SOURCE MATERIAL section start

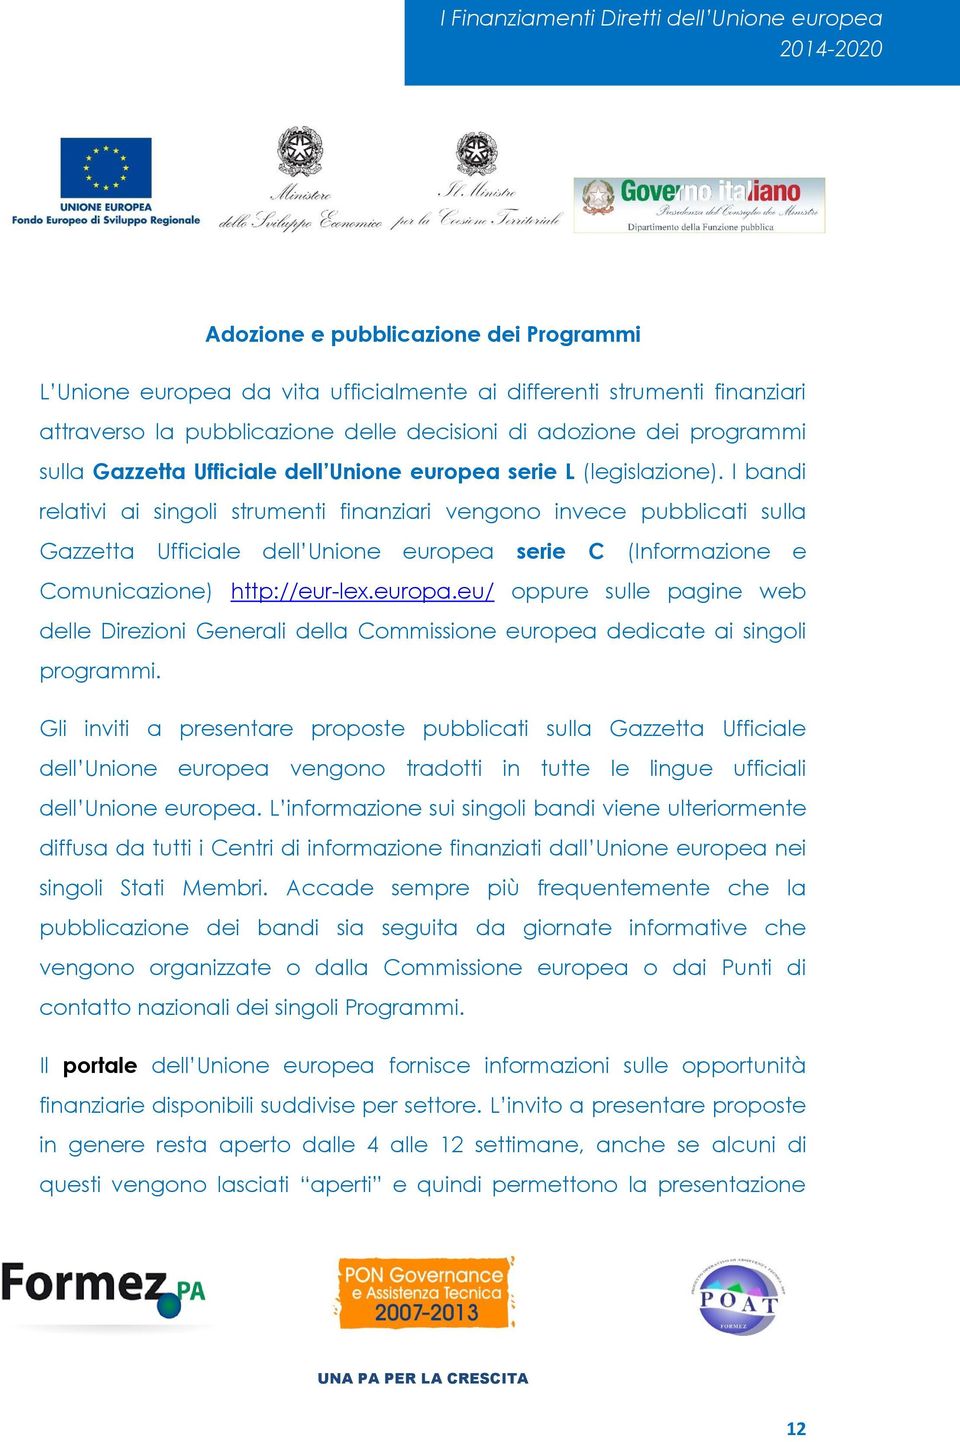 I bandi relativi ai singoli strumenti finanziari vengono invece pubblicati sulla Gazzetta Ufficiale dell Unione europea serie C (Informazione e Comunicazione) http://eur-lex.europa.
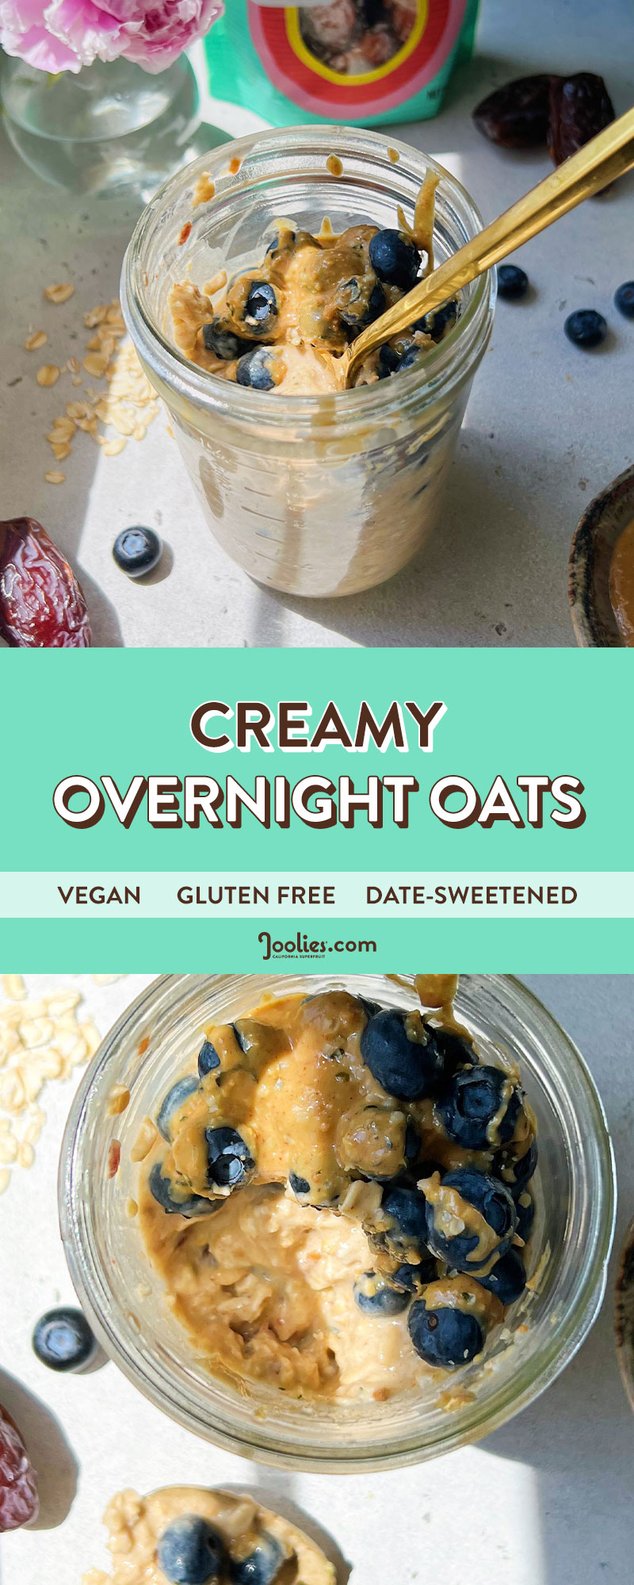 creamy-overnight-oats-pin-v2
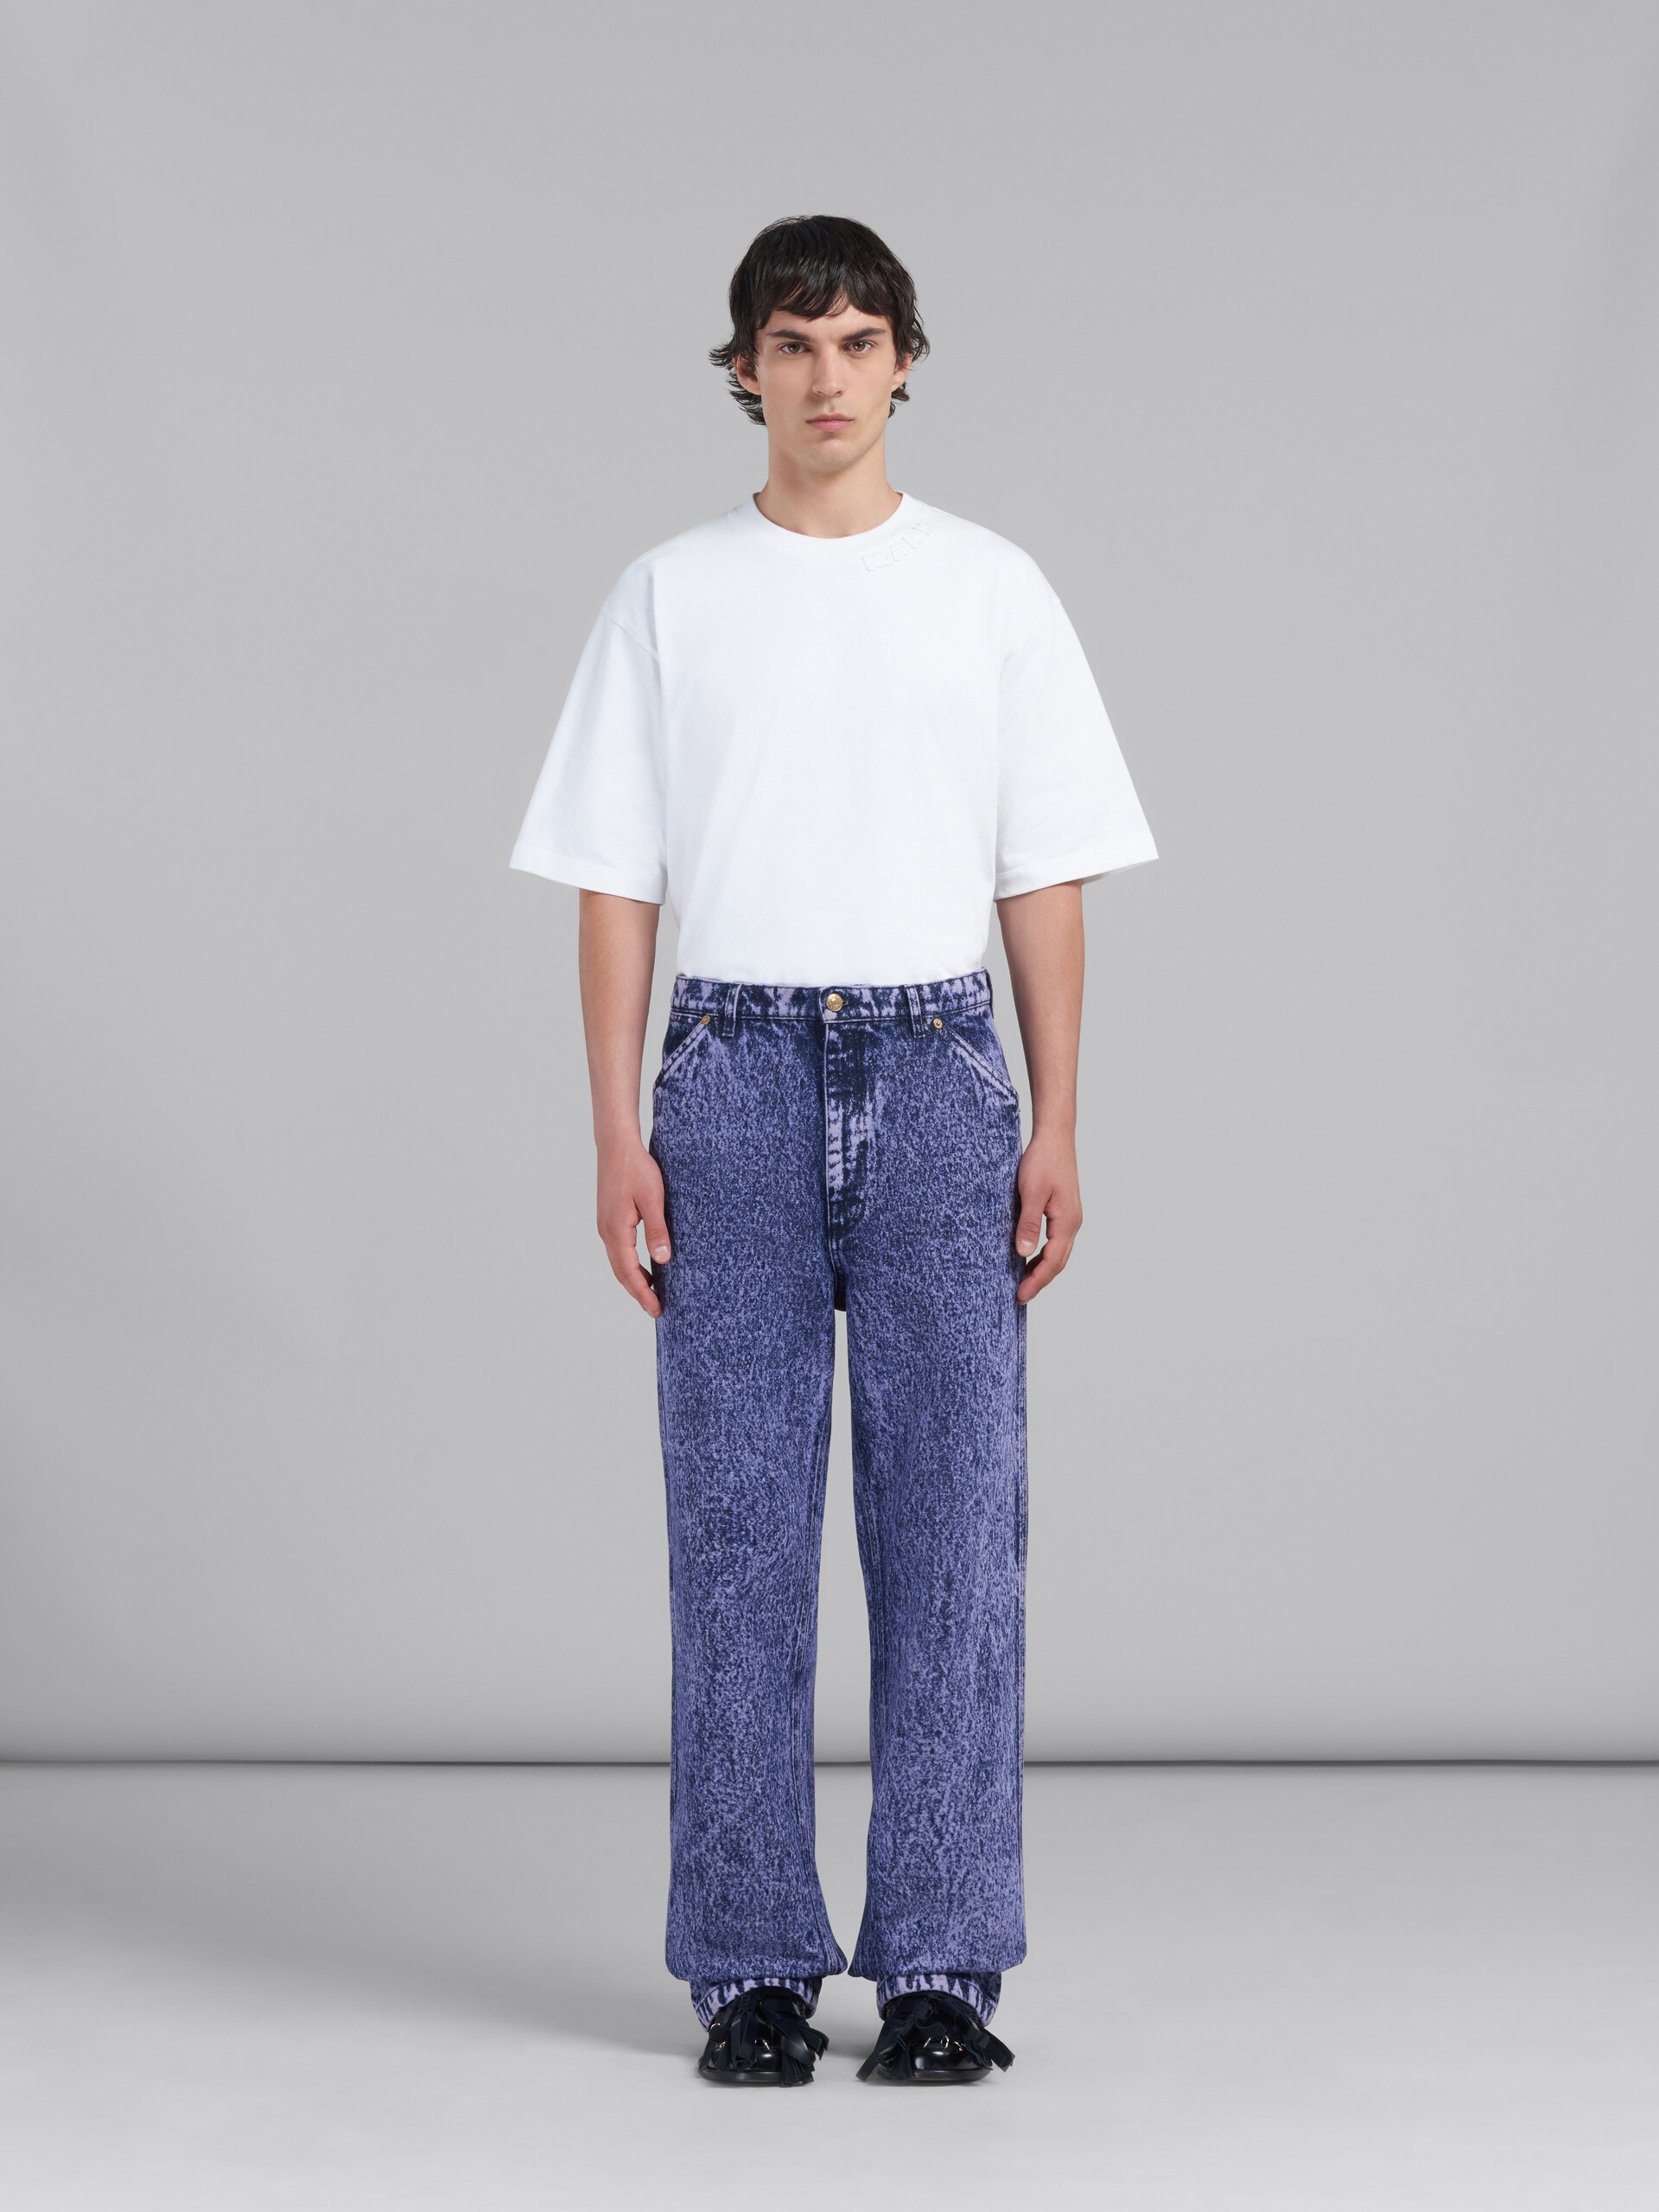 Pantalón de denim azul efecto mármol - Pantalones - Image 2

SOURCE MATERIAL section end

■ **YOUR INSTRUCTIONS**
Would you return the whole listing exactly, without the pictures?

■ **WRITTEN ANSWER**
 I bandi relativi ai singoli strumenti finanziari vengono invece pubblicati sulla Gazzetta Ufficiale dell Unione europea serie C (Informazione e Comunicazione) http://eur-lex.europa.
 creamy-overnight-oats-pin-v2
 Pantalón de denim azul efecto mármol - Pantalones - Image 2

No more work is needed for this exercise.